Spain’s banks need a further bailout. They must find at least €50 billion this year against possible losses ranging between 35% and 80%. The local banks, the cajas, are in serious difficulties. The huge building boom that Spain experienced and which has now gone bust left literally millions of empty homes – even a brand-new airport stands empty and has been mothballed! The Spanish capitalists are under the illusion that they have been given an injection of oxygen, a breathing space, by the funds provided by the ECB and, theoretically, this could last three years. But a period of rising unemployment, further sharp declines in house prices and widespread loan defaults by businesses and households will shatter these illusions. The PP’s austerity programme is estimated to be the biggest in history!

Even Rajoy believes he will not be able to proceed as quickly or implement all the draconian measures demanded by the EU. He famously warned the EU that their austerity proposals would “cost him a general strike ". And he has not been disappointed! The country had a fiscal deficit of 8.5% of GDP in 2011. This is 5.5% more than what is dictated by the newly agreed ‘fiscal compact’ of the EU, which stipulates no more than 3% of GDP as a budget deficit for a country. Failure to adhere to this will bring fines down on the heads of an offending country. Spain was successful in its appeal for more time and therefore an agreement was made that its deficit will be set at 4.4%. The pact – allegedly set in stone – was breached when it faced its first test! But Spain cannot carry through its side of the bargain. 5.8% was the initial target by the government, but which was already rejected by the European Commission. The government were forced into a climbdown and accepted a target of 5.3%, which means 5 billion in extra cuts imposed.

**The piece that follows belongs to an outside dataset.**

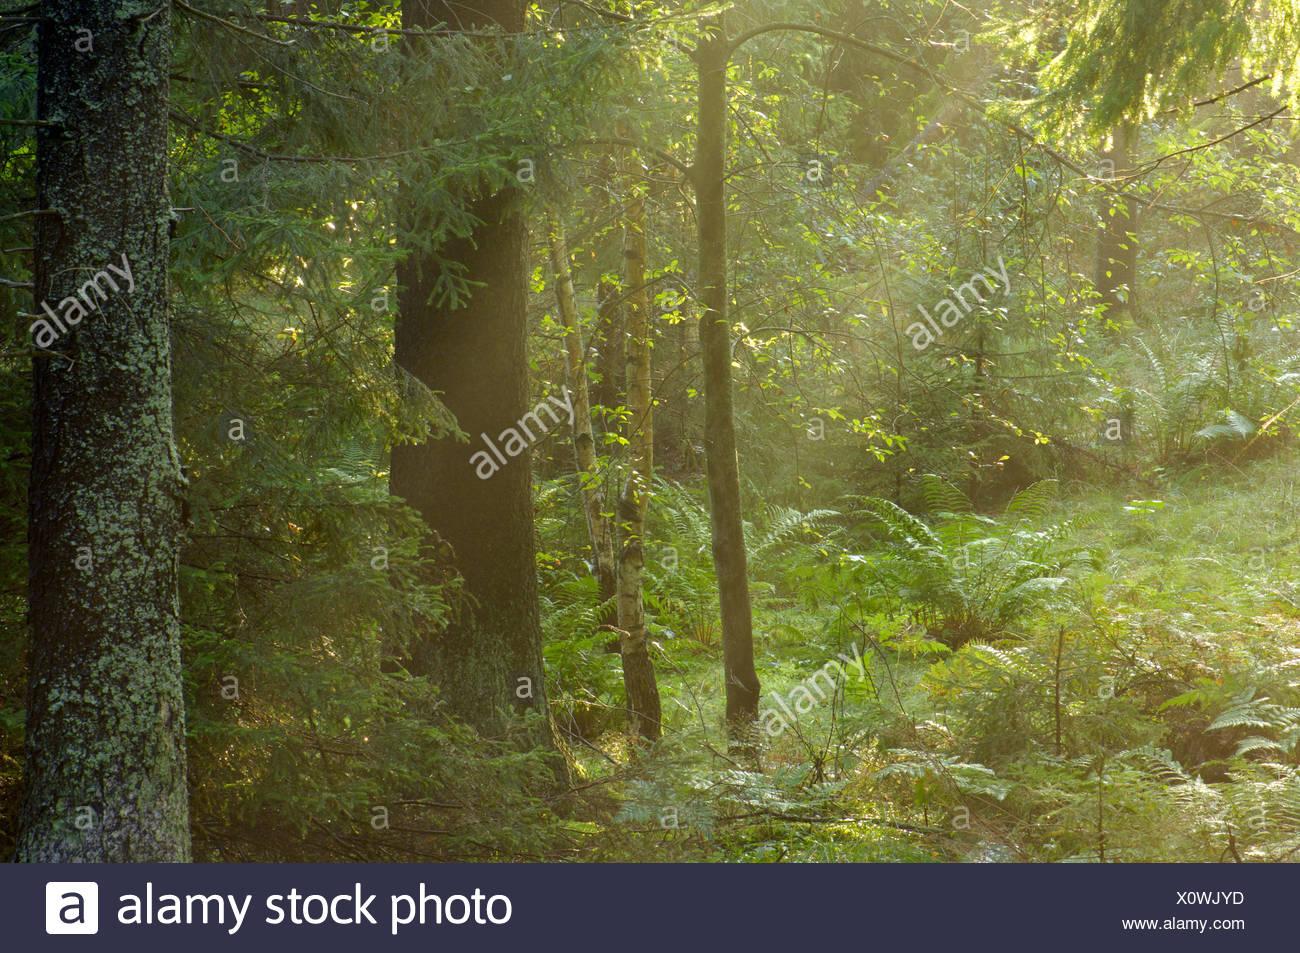 Spruce forest Ekero Sweden - Stock Image
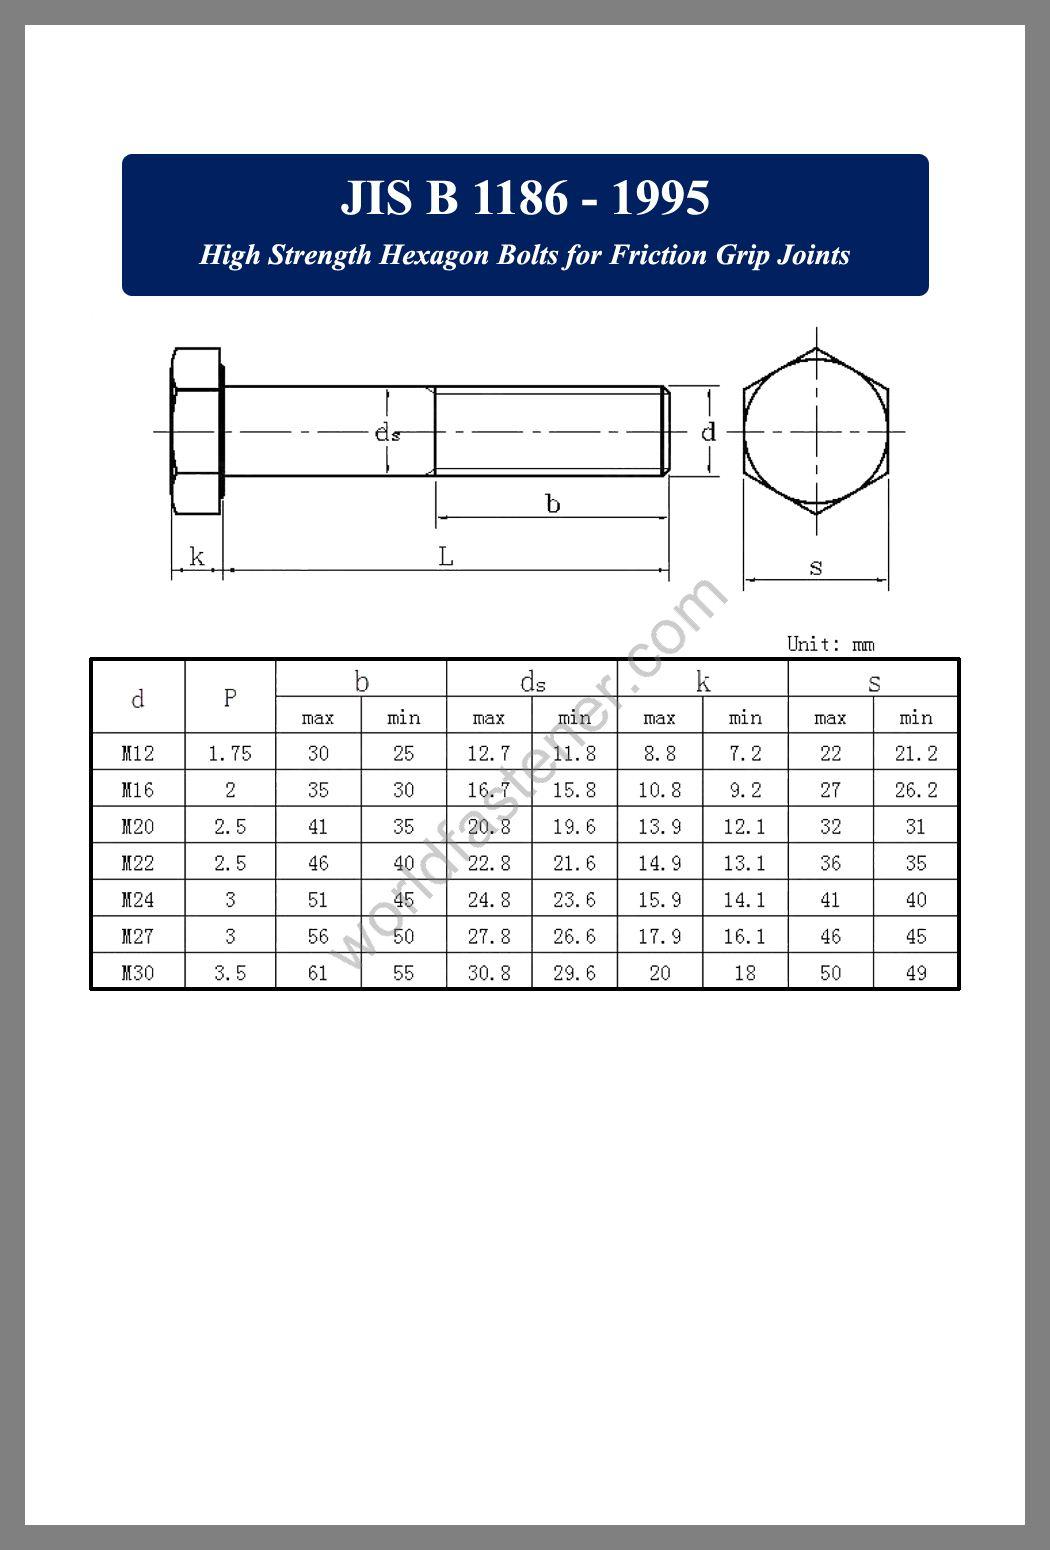 JIS B1186, JIS B1186 High Strength Hexagon Bolts For Friction Grip Joints, fastener, screw, bolt, JIS bolt, JIS fastener

Even before further austerity measures were announced the position of the Spanish working class was desperate. Spain has lost 2.9 million jobs in four years, with almost 300,000 shed in the latest quarter! Now the employers and the government are proposing a third reform in two years of the labour laws which will allow the bosses to negotiate shorter working hours on low wages. This comes on top of the sell-out agreement between the unions and employers in January to limit pay rises over the next three years. This represents a further deflationary impact which will enormously aggravate the economic position and plunge the working class into further despair. The government is sitting on a social volcano. Under the previous government of PSOE we witnessed the general strike of 10 million workers in September 2010 as well as the development of the ‘indignados’ movement. However, the massive general strike that took place on 29 March exceeded in its scale and effects those movements.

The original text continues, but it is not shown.